Published September 2019 by Associate Professor Jay Weerawardena and Professor Janet McColl-Kennedy​

Associate Professor Jay Weerawardena

Salunke, S., Weerawardena, J., & McColl-Kennedy, J. R. (2019). The Central Role of Knowledge Integration Capability in Service Innovation Based Competitive Strategy. Industrial Marketing Management, 76, 144-156,


  • Capability building remains one of the top three strategic priorities for executives around the world. Although business needs have evolved, the methods of building those capabilities have not, leading to such efforts falling short of their objectives (McKinsey, 2014).
  • Companies that perform best, particularly at service innovation, not only rely on the traditional sources of customer and competitor knowledge, but also focus on broadening and reinforcing their capabilities base.
  • A robust approach that assesses current capabilities, particularly focussing on ‘what’ and ‘how’ knowledge is configured, will help uncover gaps in capability building leading to sustainable performance outcomes
Professor Janet McColl-Kennedy

What’s new

  • We demonstrate, using quantitative survey panel data sourced from professional service firms across a range of industries in Australia (N=192 comprising building and construction, 48%, architectural, engineering and design services, 28%) and the US (N=261 comprising healthcare, 20%, education, 13%, professional scientific and technical, 10%, and telecom, financial and construction services 6% each), the positive and statistically significant impact of senior managers’ entrepreneurial service strategies on episodic and client-focused learning on knowledge integration, resulting in service innovation and sustainable competitive advantage.
  • We found some country-based differences - a non-linear relationship for the Australian sample, but not the American sample. In the Australian sample, the effect was an inverted U-shape (i.e., quadratic), indicating that the positive effect of knowledge integration capability decreases over time, past a certain point. However, in the American sample, the effect of knowledge integration capability continues in a straight line (i.e., linear) and does not peter out after a certain point.
  • The key insight? Knowledge acquisition, while important is only the first step. New knowledge, even if gained from both internal and external sources, is not enough – it must be integrated with existing knowledge to innovate for sustainable competitive advantage. However, acquiring new knowledge is a necessary, but not sufficient, condition for service innovation to occur.

Bottom line

Regardless of country of origin, in both samples and sourced across several professional service industries, our model shows the importance of integrating new knowledge with existing knowledge for sustainable competitive advantage.


7 point plan

  1. Be client-focused, rather than competitor-focused, to stay ahead of competitors.
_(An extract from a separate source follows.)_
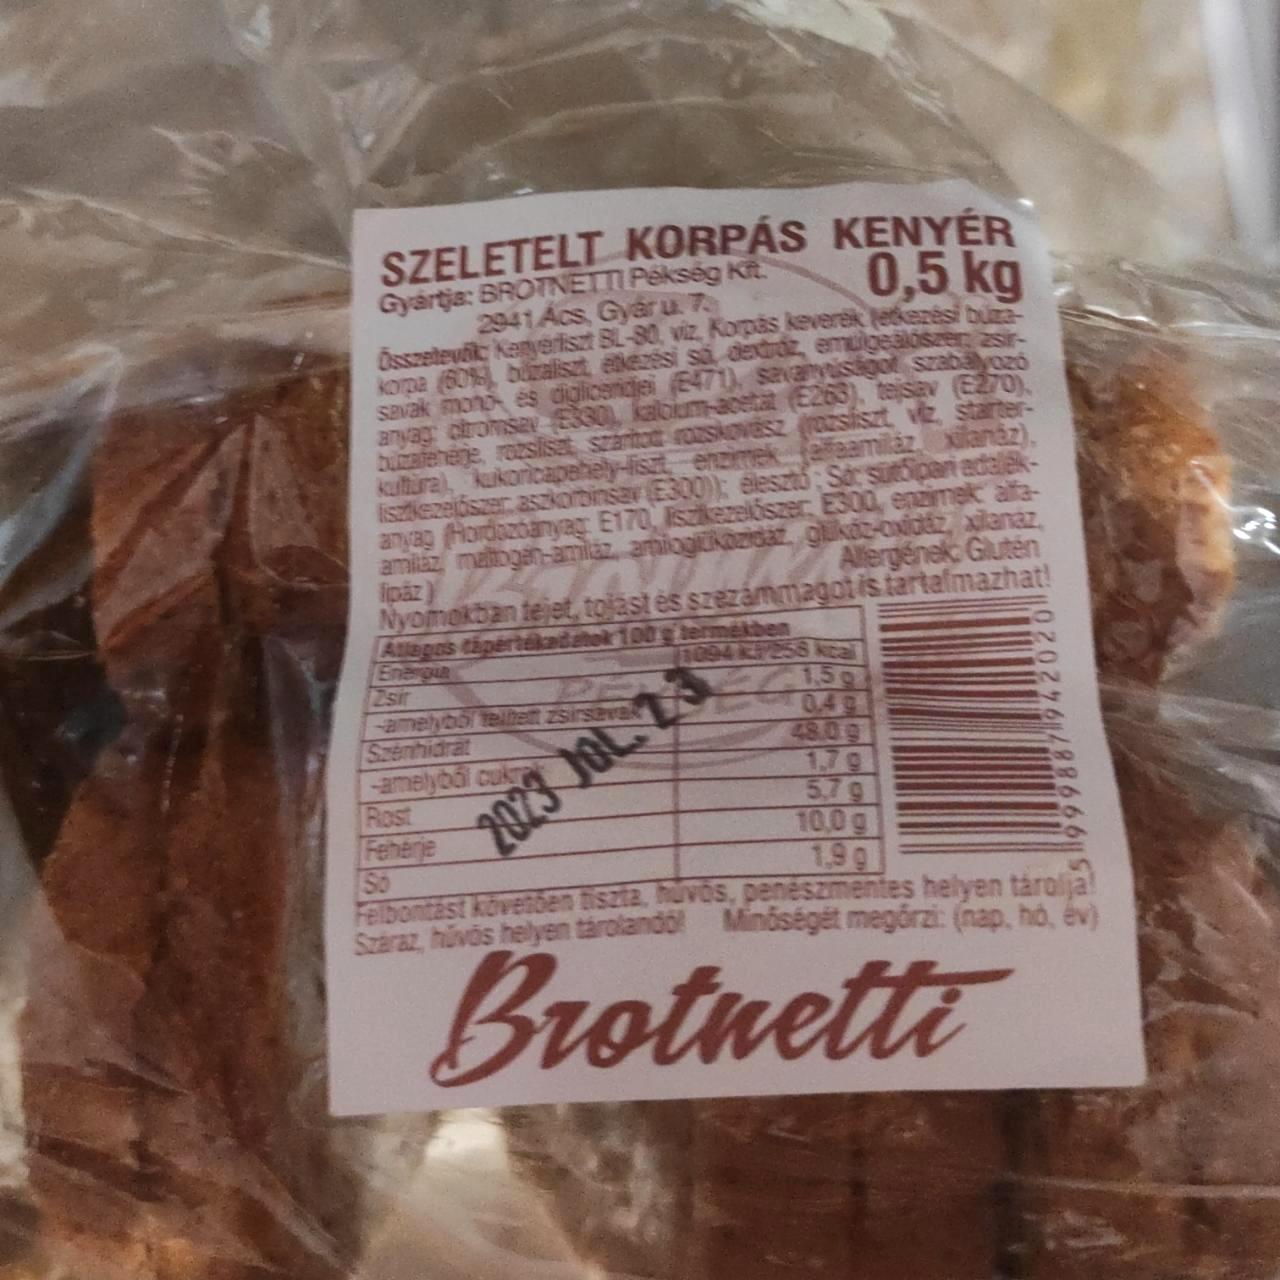 Képek - Szeletelt korpás kenyér Brotnetti

  2. Integrate new knowledge with existing knowledge to achieve sustainable competitive advantage.

  3. Senior service managers should be entrepreneurial (i.e., adaptive) to client needs.
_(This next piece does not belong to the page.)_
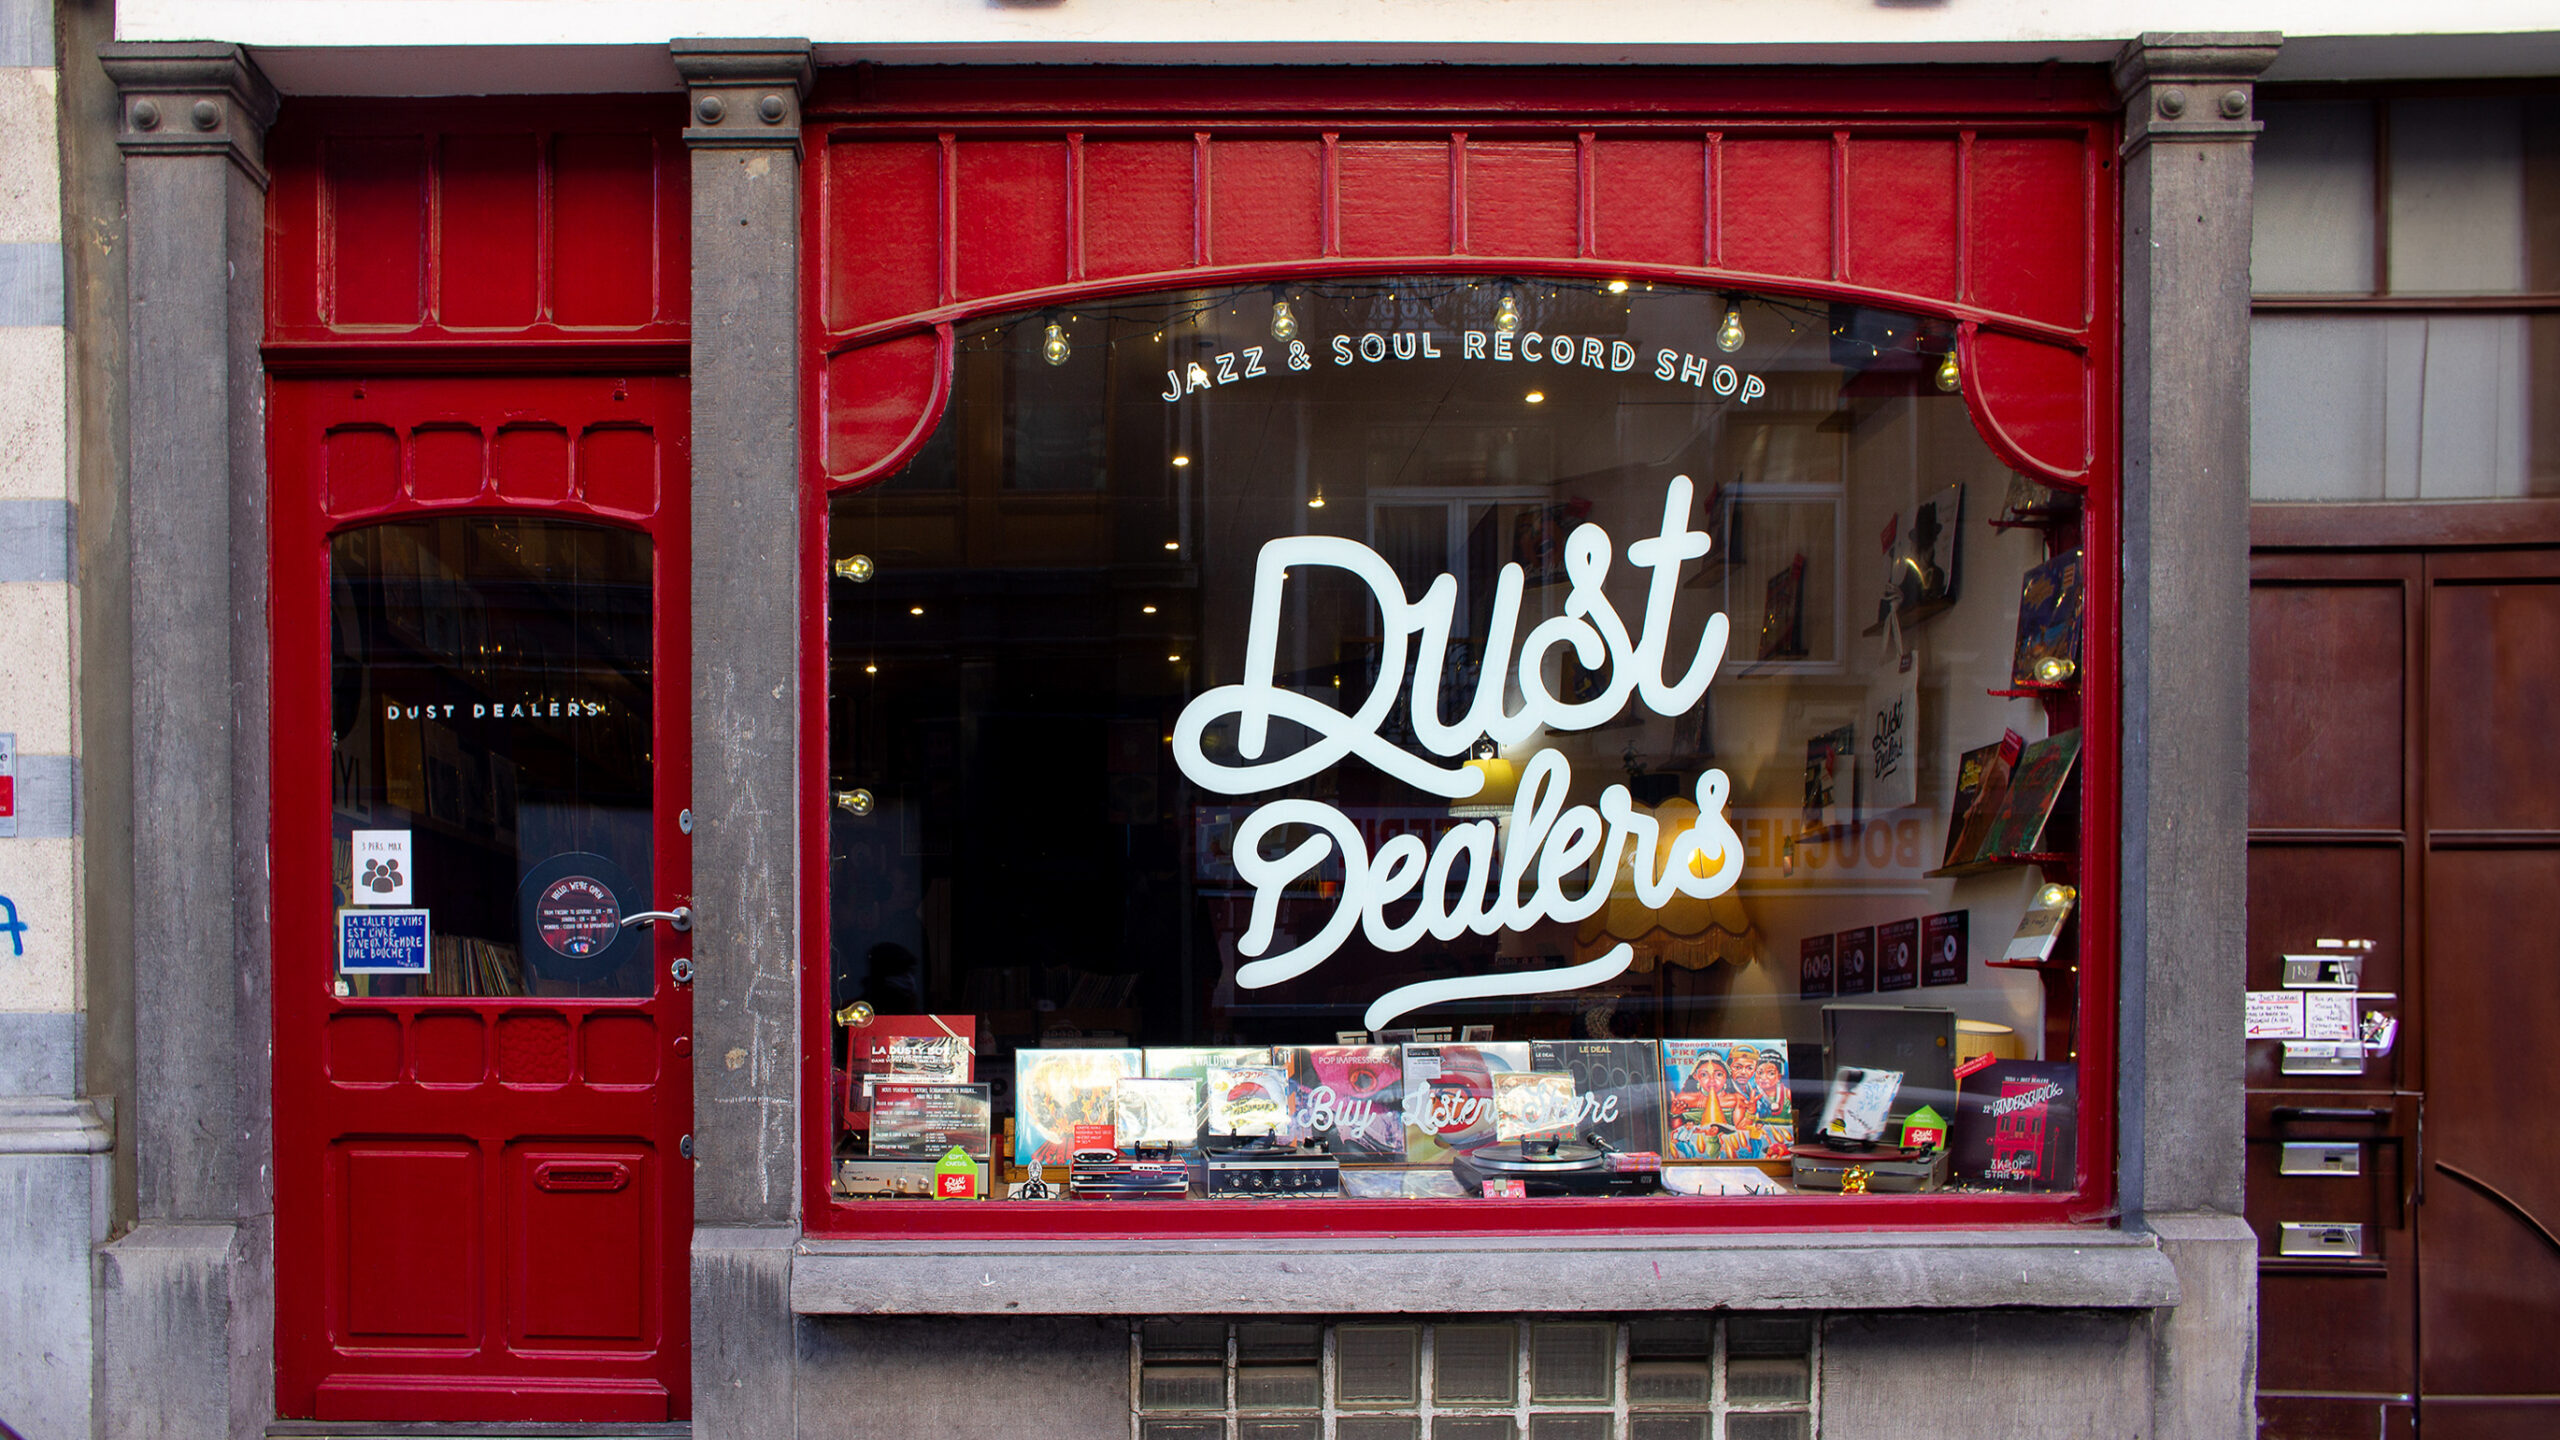 Dust Dealers Jazz en Soul record shop

  4. Continuously innovating is key to sustainable competitive advantage – don’t stop moving!

  5. Knowledge alone is not enough – how well (i.e., capably) it is integrated is the key.

  6. The better the knowledge integration capability, the better the capacity to avoid copy-cat strategies from competitors (i.e., inimitability), thus maintaining one’s dynamic capabilities for a sustainable competitive advantage.

  7. Entrepreneurial key decision-makers, such as senior service managers, are the building blocks for a firm’s overall service entrepreneurship orientation, which is required for a superior place in the market.